# Dog follows me everywhere and flips out when I leave



## sureyawright (Jan 10, 2011)

Hello.. I adopted a rescue dog 20 days ago. He's a 5 yr old Lab / Pointer mix. He was rescued from a bad neighborhood in Hartford, CT. Was not house broken.. spent life outside.. was not fed well.. and has part of his ear missing (old battle wound). He had kennel cough and hook worm and lyme exposure. Its been a hectic couple of weeks. Began training with a trainer yesterday.

While house breaking I had him in my sight at all tims. But now he has more freedom around the house... and he still follows me around. I'm ok with it but wondering if that's healthy. He flips out whenever I leave. He's not destructive but since he is so big and powerful I worry that he's gonna break something. Not sure if these two things are related.. like.. if he didn't follow me around, would he still be so upset when I leave?


----------



## doxiemommy (Dec 18, 2009)

He could still be upset when you leave, even if he wasn't following you around all the time. BUT, the fact that he follows you around all the time will probably mean he's more upset when you leave than he would be if he wasn't so dependent on you.

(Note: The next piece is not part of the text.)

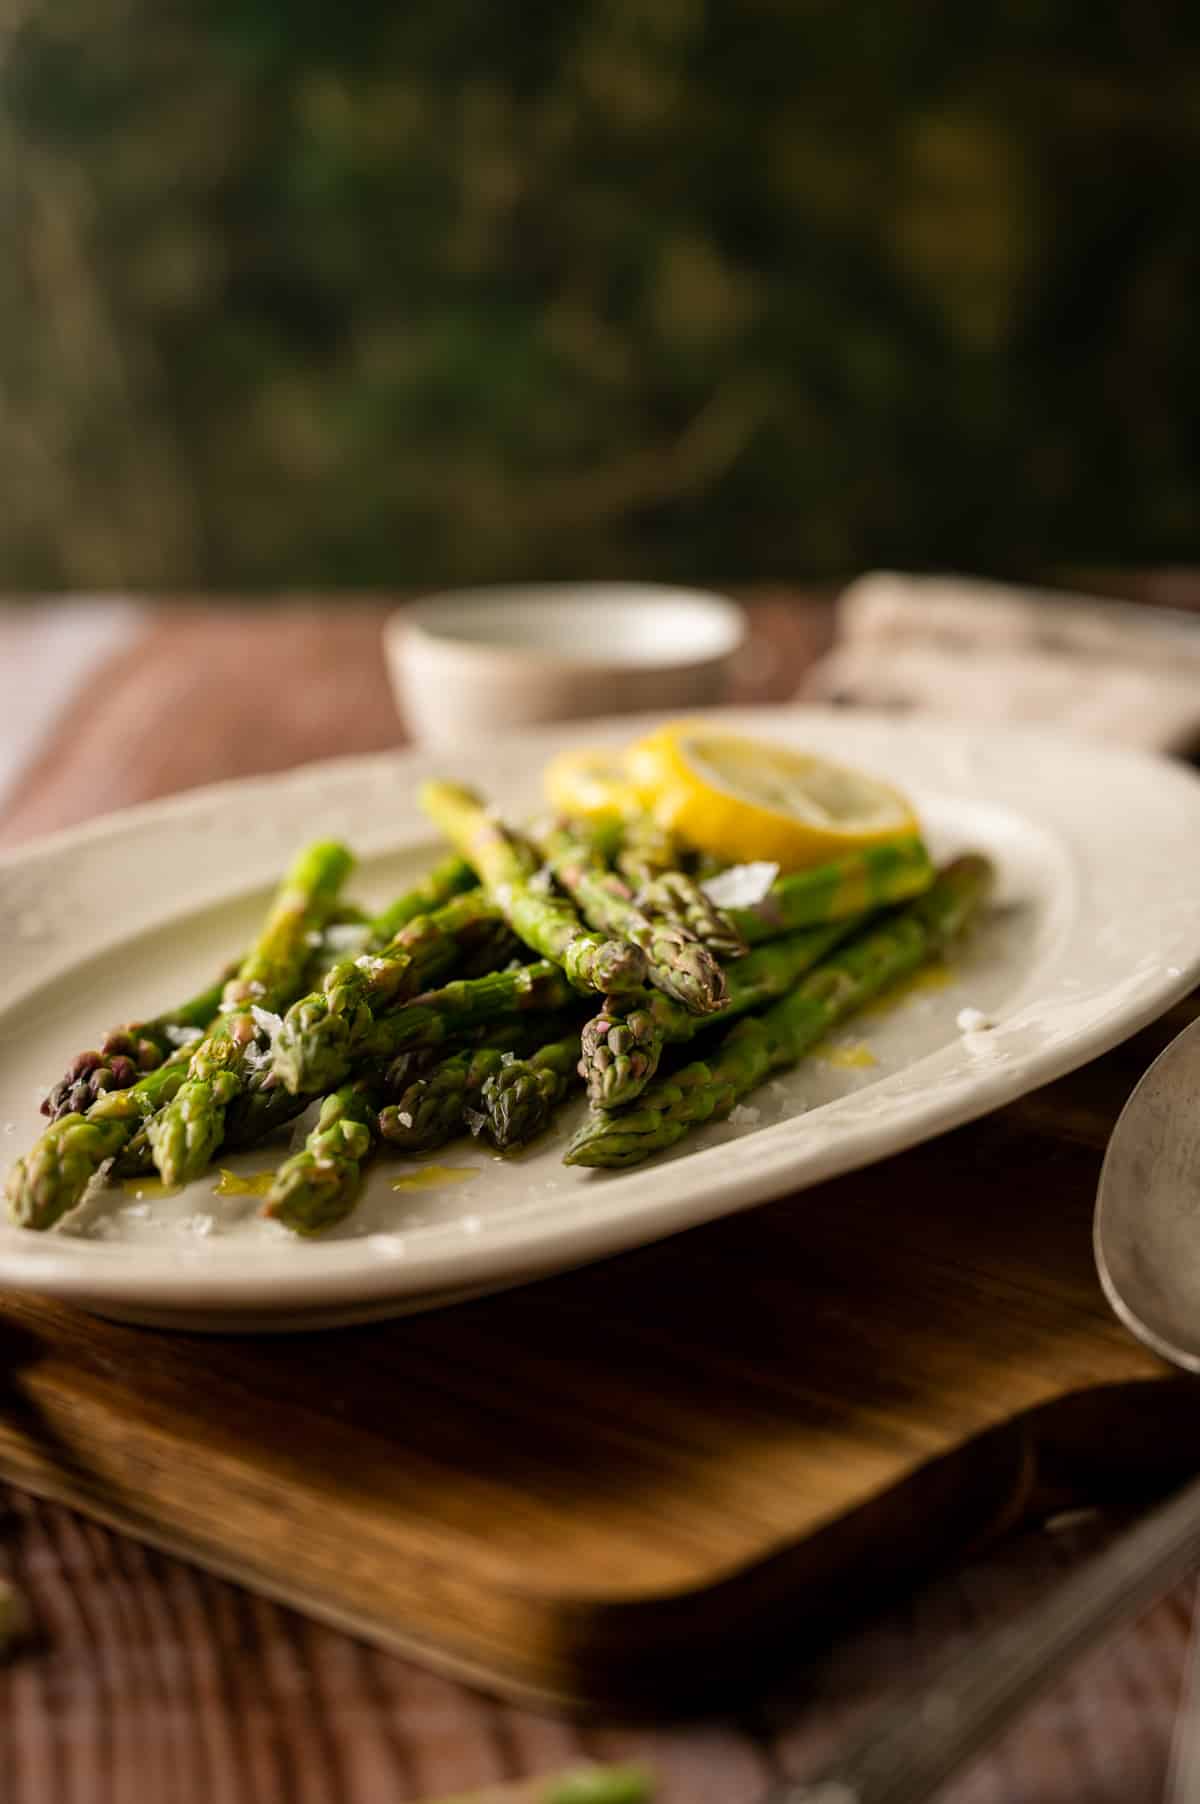 Angle view of cooked asparagus on a oval plate.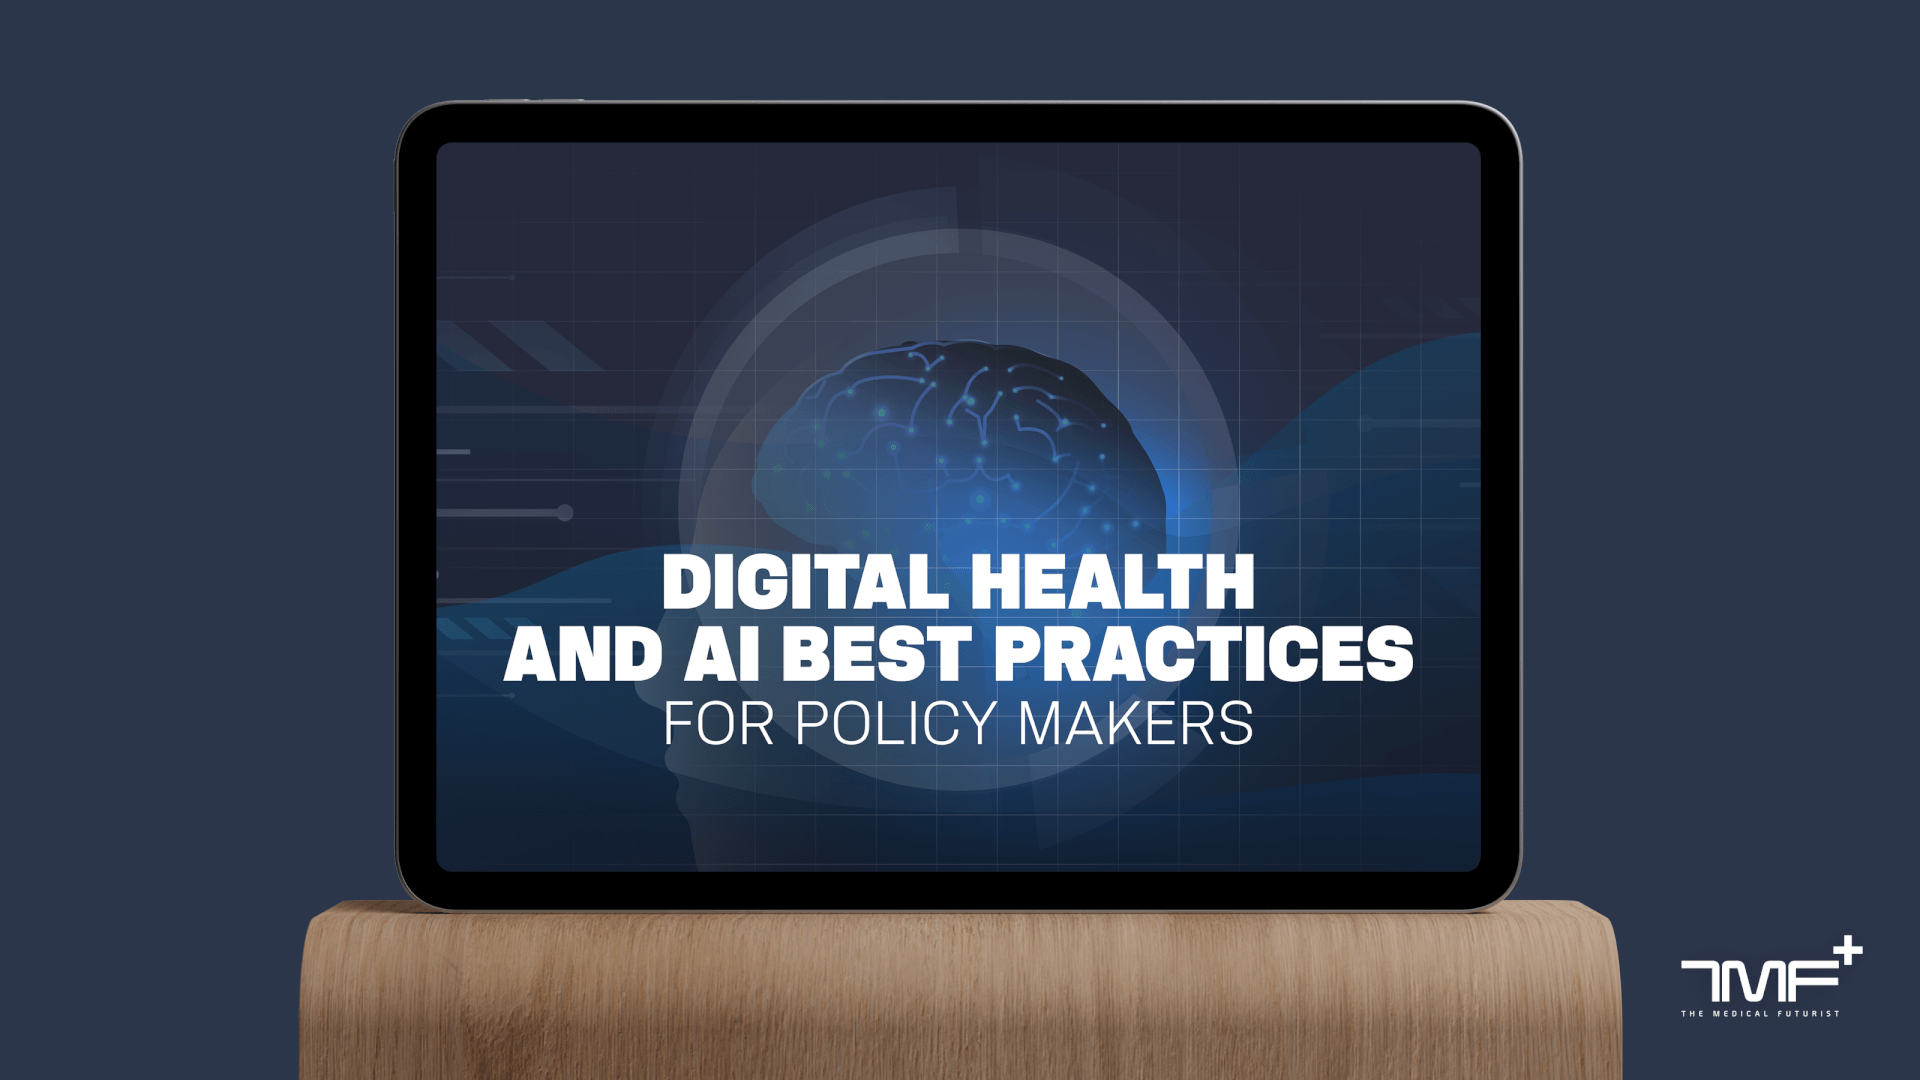 Digital Health And AI Best Practices For Policy Makers

Is he crate trained? Does he have a crate? Or could you confine him in a room, blocked off with a baby gate? If you could gradually get him used to being confined in a crate, ex-pen, or room blocked off with a baby gate, it would be great. That way, he's not so attached to you, and will be a little more independent.

The thing to do would be lure him into the crate or what have you, with a treat or toy, maybe a Kong stuffed with something yummy. Then, leave him there for just a few minutes, so you don't overwhelm him. You can do this kind of conditioning several times a day. Then, gradually start increasing the time you leave him in the crate.


----------



## mom2molly (Jan 3, 2011)

my girl molly is the same way...she follows me around everywhere like my shadow...always laying by me as well which doesnt bother me...she isnt destructive when i leave but she would do her business in the apartment..we got her a kennel and she goes in that when we leave and things are working out great. she does bark some and whine a little bit and when i come home she immediately scratched at the kennel door to get out and after letting her out will go bezerk but i just ignore her until shes calm then i give her pets. i would highly suggest a kennel 

good luck!


----------



## sureyawright (Jan 10, 2011)

Thanks. We do have a crate but only use it when he will be unsupervised. But.. once he is neutered and stops flipping out when I leave or when a dog passes by outside... I think he will be good without it. I do wait a while after I put him in it before I go but he just barks at me the whole time. He goes in it himself from time to time. I put a blanket over it to be more "den like". Its just not a regular routine for him in the crate because I work from home sometimes and sometimes I don't ... never the same days from week to week. I can feed him and walk him on a consistent schedule... but that's it. I guess I can try crating him for an hour or two on the days I'm home.


----------



## doxiemommy (Dec 18, 2009)

Yes, I would strongly recommend crating him for a bit, each day, even on the days when you are home and don't NEED to crate him. BUT, remember to start small, because if he's not used to being shut in it when you're home he could really freak out. AND, then, he could develop a dislike of his crate, which would make it difficult when you HAVE to use it because you can't supervise him.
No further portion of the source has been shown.